# Task description:
Pull out every line from the line containing "マキタ GA018GRMX 40Vmax充電式ディスクグラインダ125mm ウエダ金物" through the end of the material, both ends included, and reproduce it exactly. Keep pictures out.

# Data excerpt:
+-------+
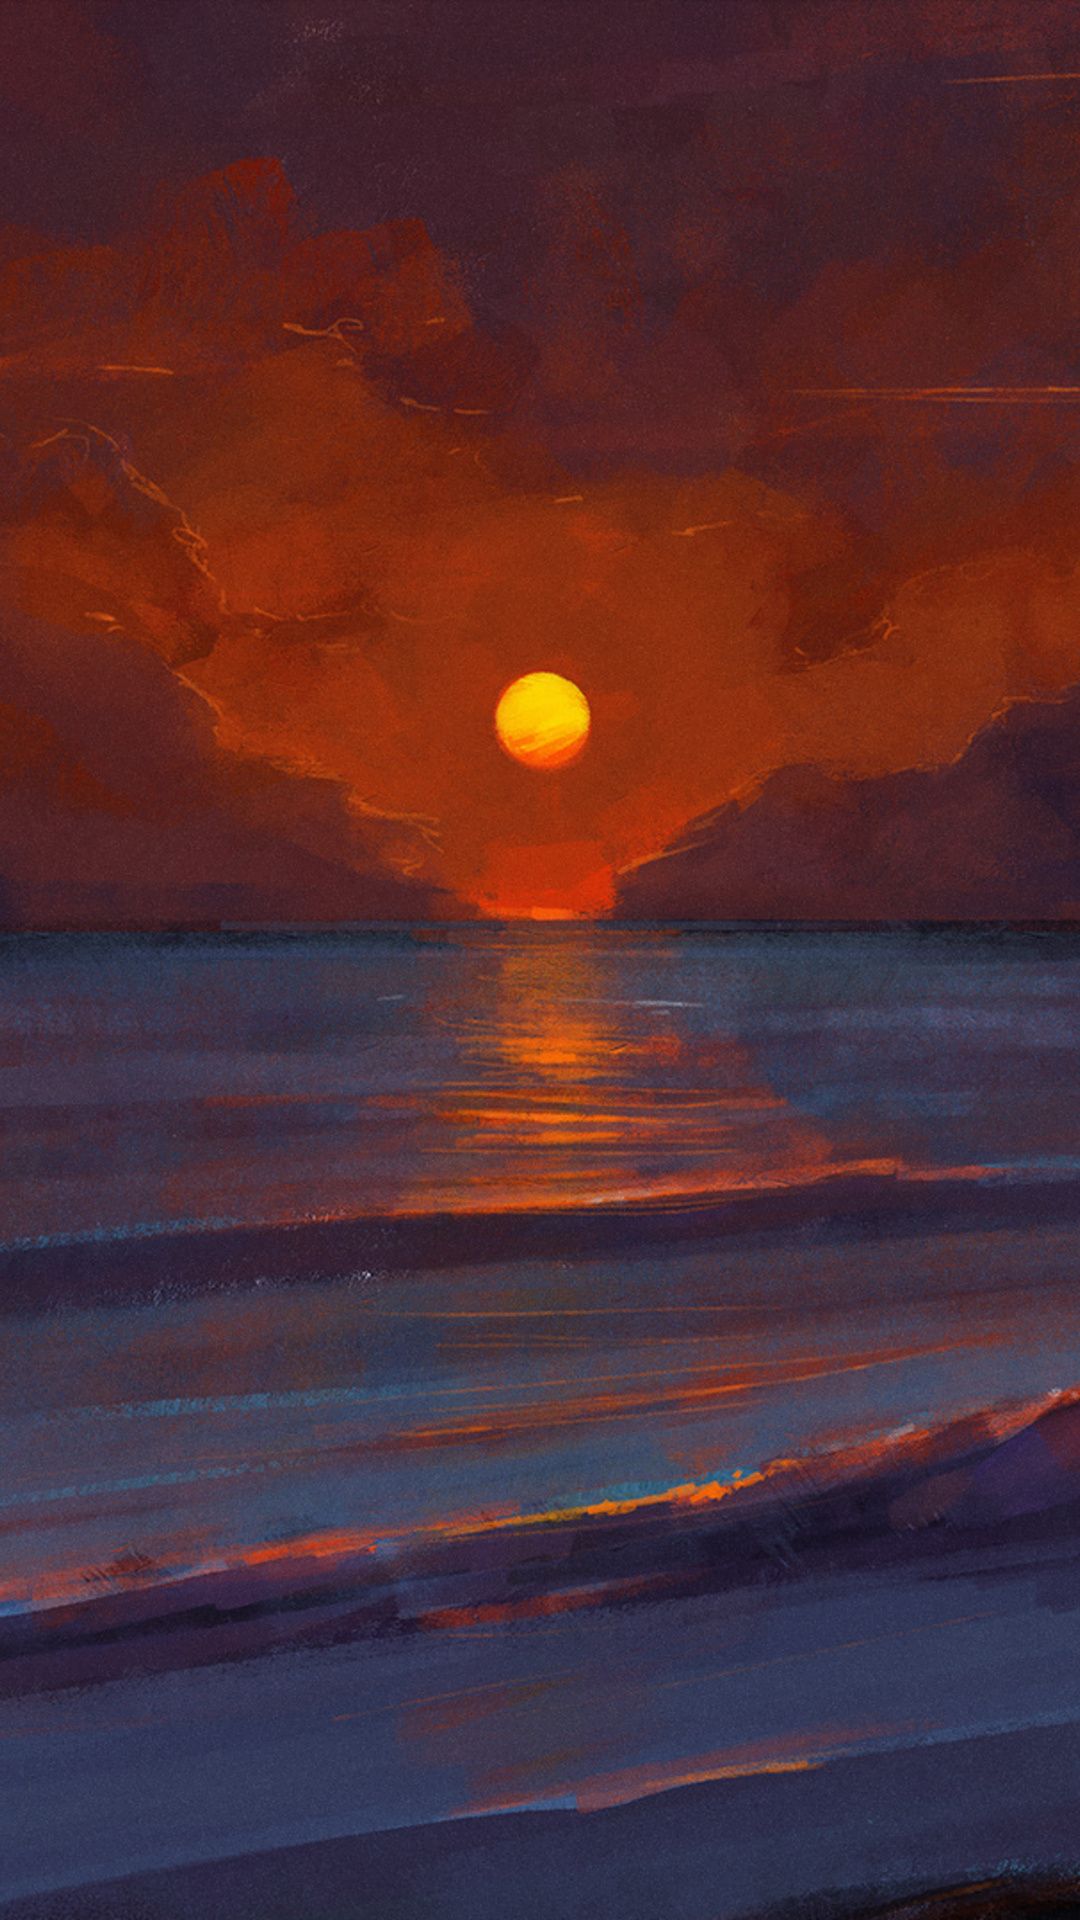 Sunset Digital Art In 1080x1920 Resolution. Sunrise art, Sunset art, Sunset artwork
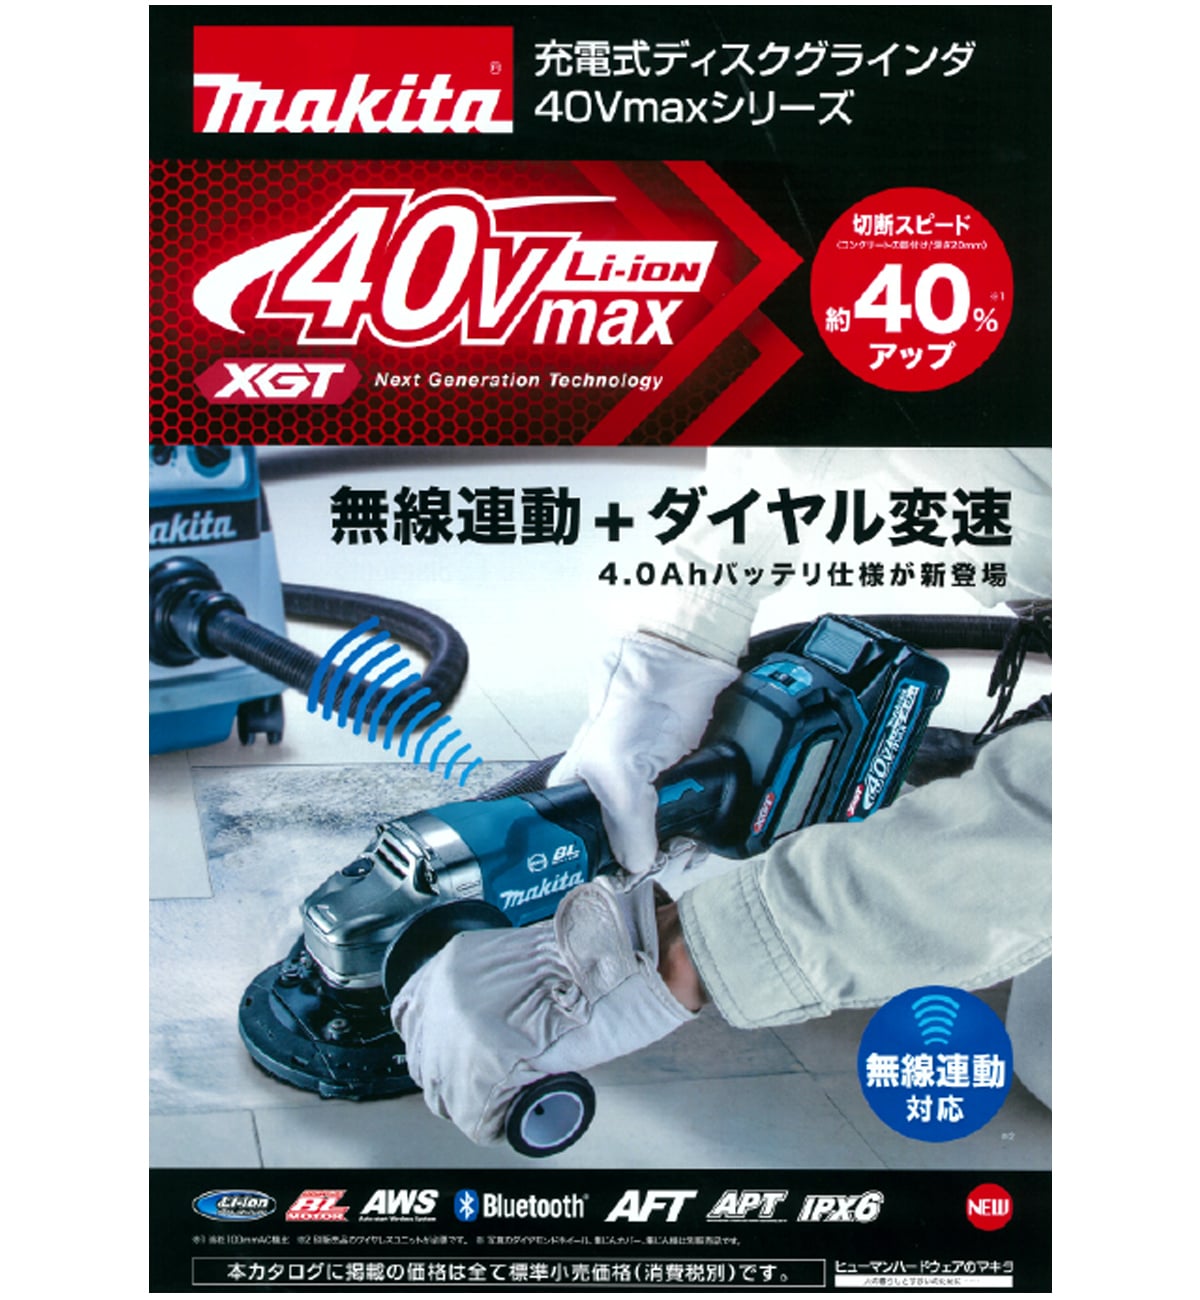 マキタ GA018GRMX 40Vmax充電式ディスクグラインダ125mm ウエダ金物
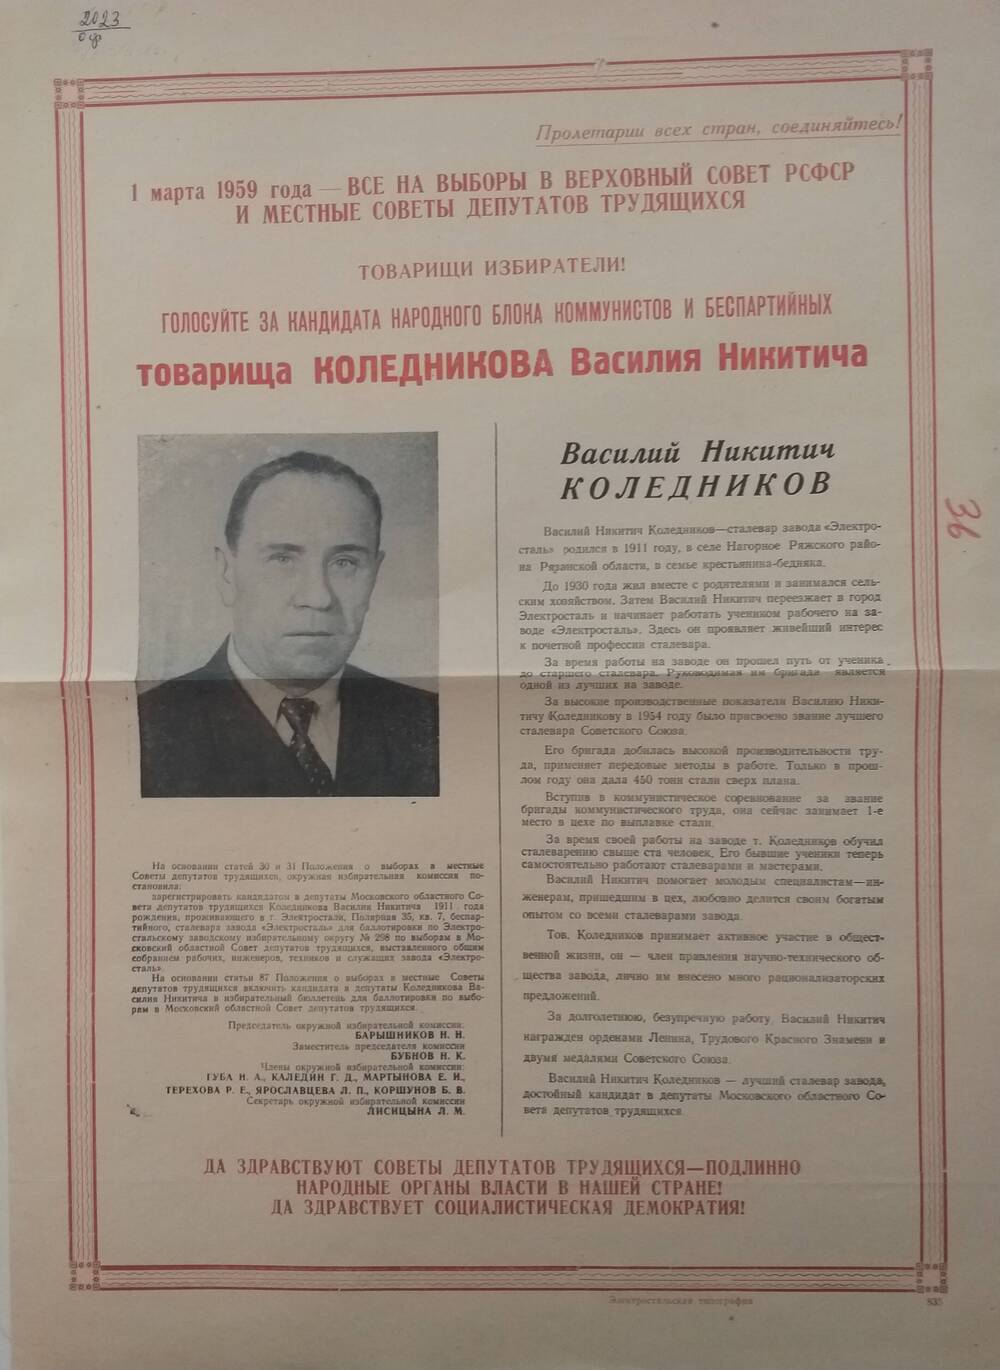 Плакат призыв к голосованию на выборах 1 марта 1959 года Коледникова Василия Никитича - сталевар завода Электросталь, январь 1959 года.
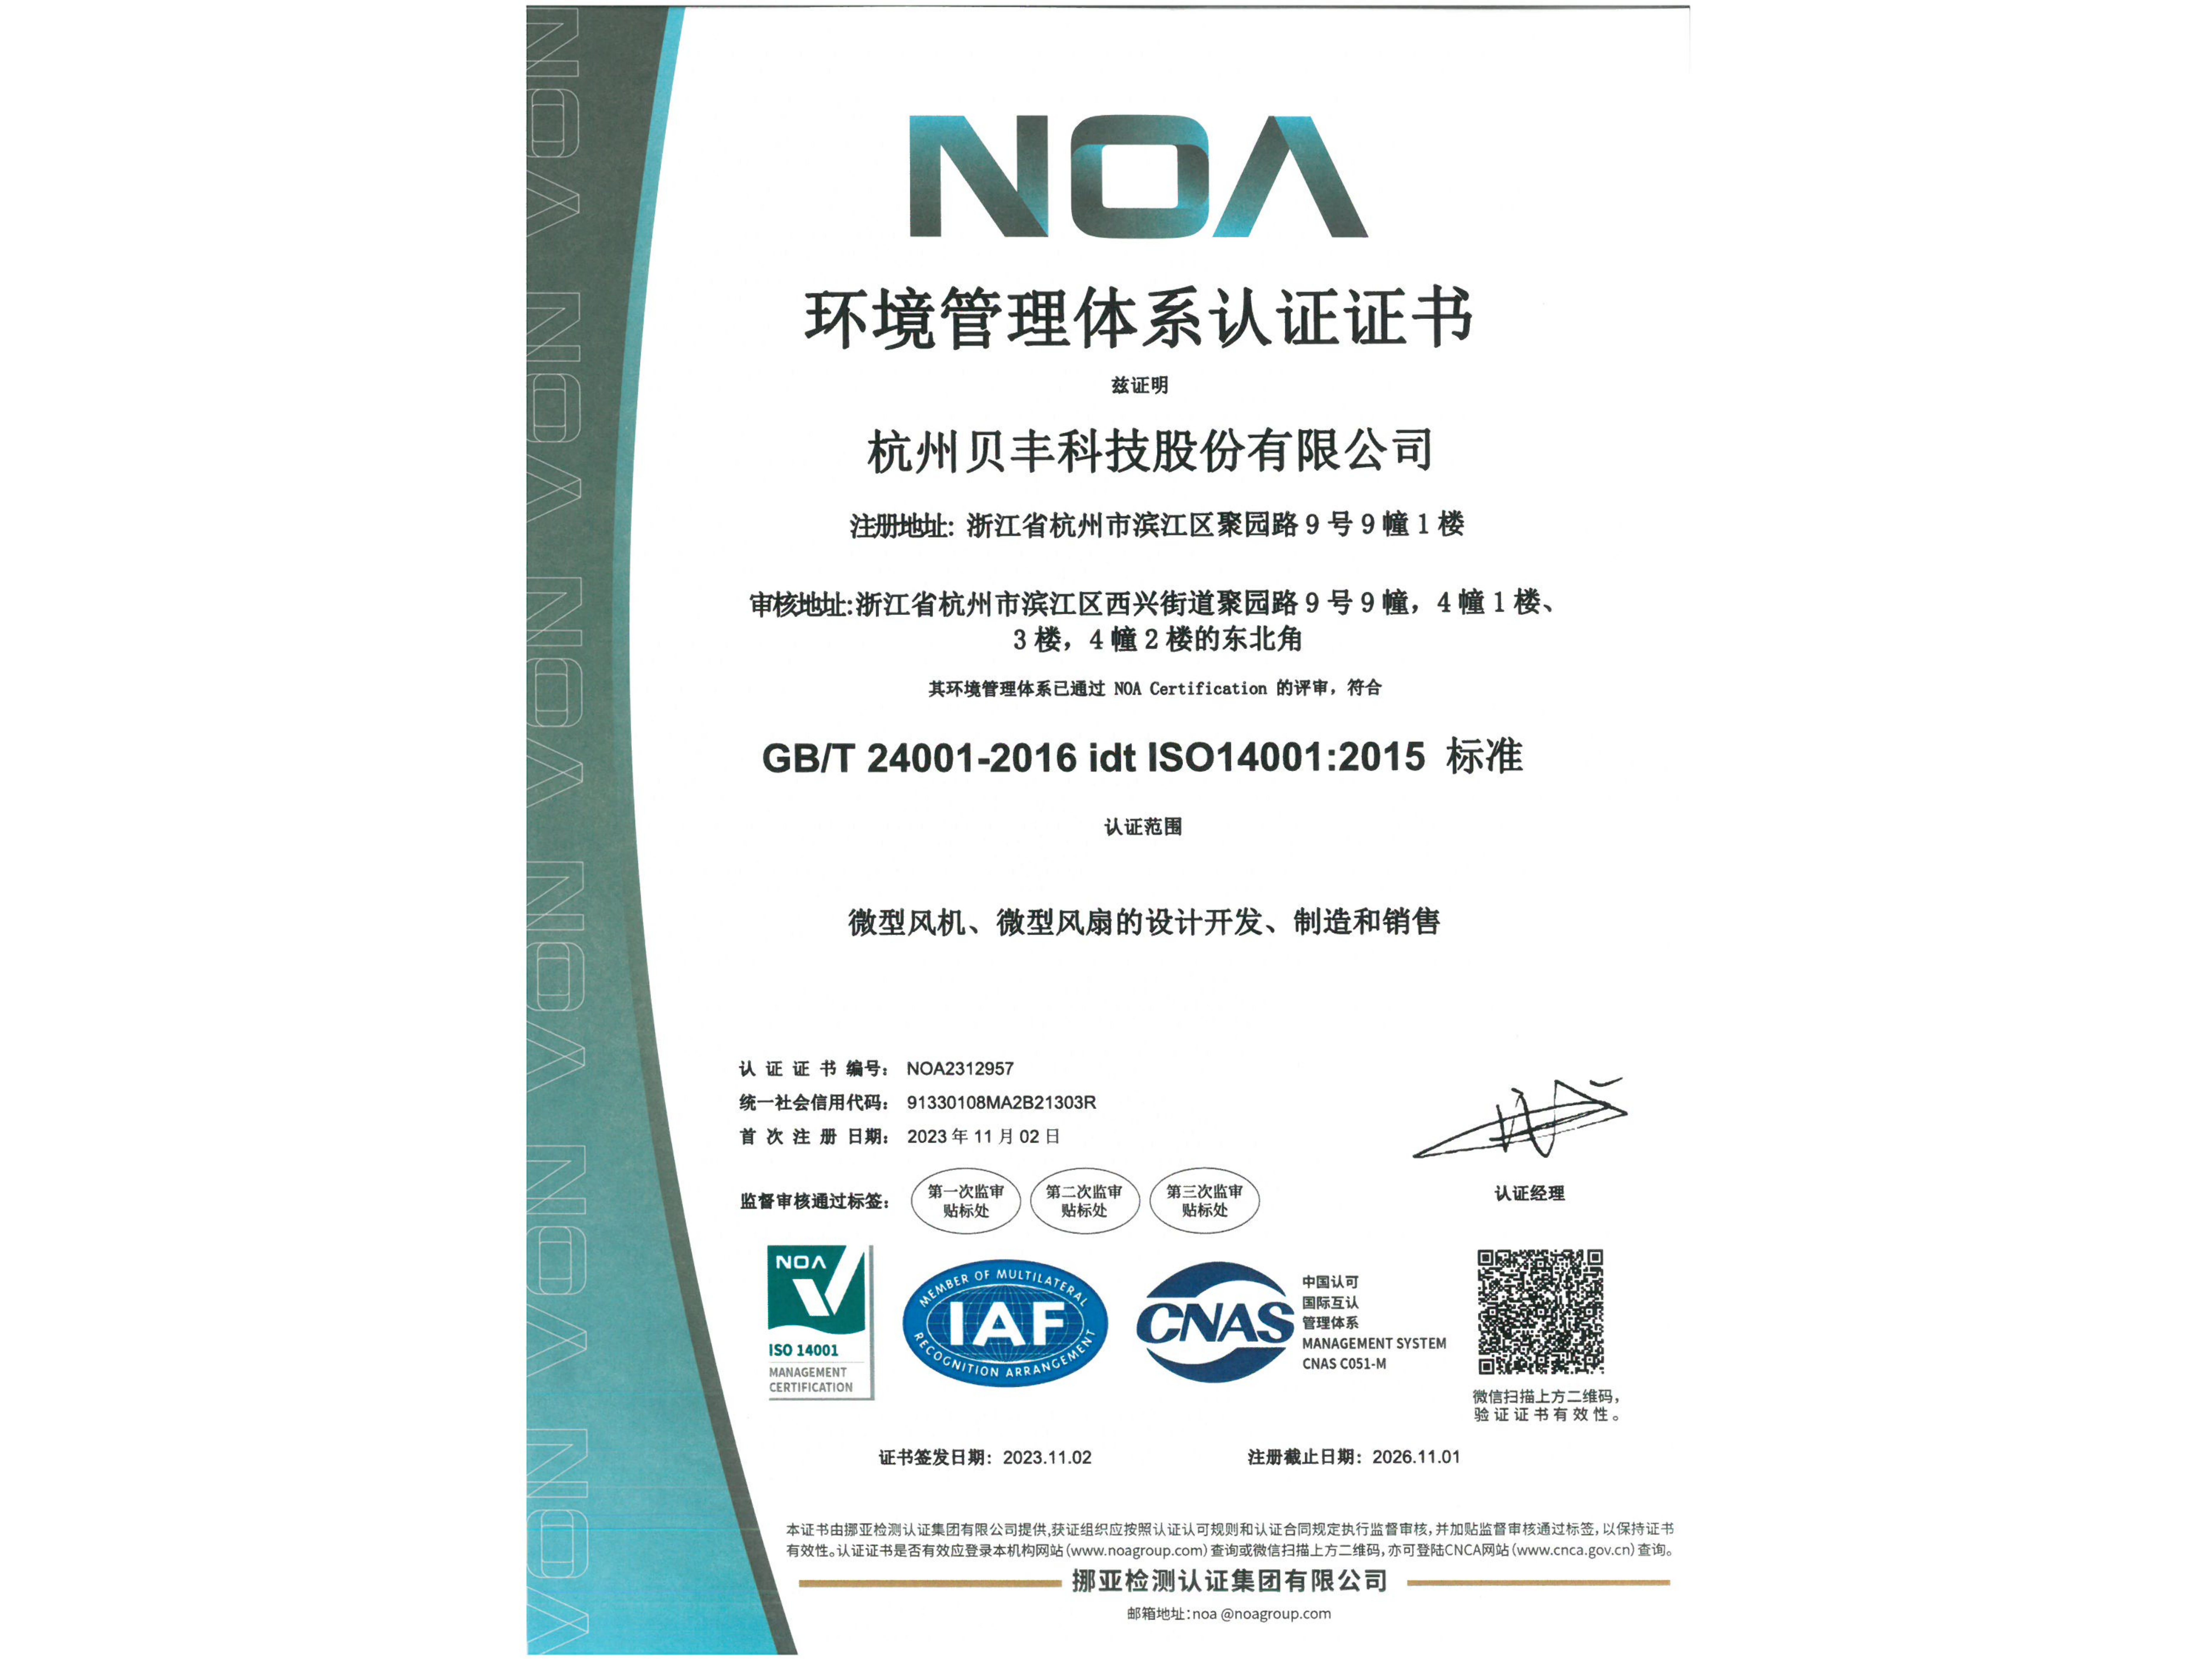 贝丰科技获得 ISO14001:2015 标准认证
+-------+
# Expected answer:
 マキタ GA018GRMX 40Vmax充電式ディスクグラインダ125mm ウエダ金物
 Плакат призыв к голосованию на выборах 1 марта 1959 года Коледникова Василия Никитича - сталевар завода Электросталь, январь 1959 года.
 贝丰科技获得 ISO14001:2015 标准认证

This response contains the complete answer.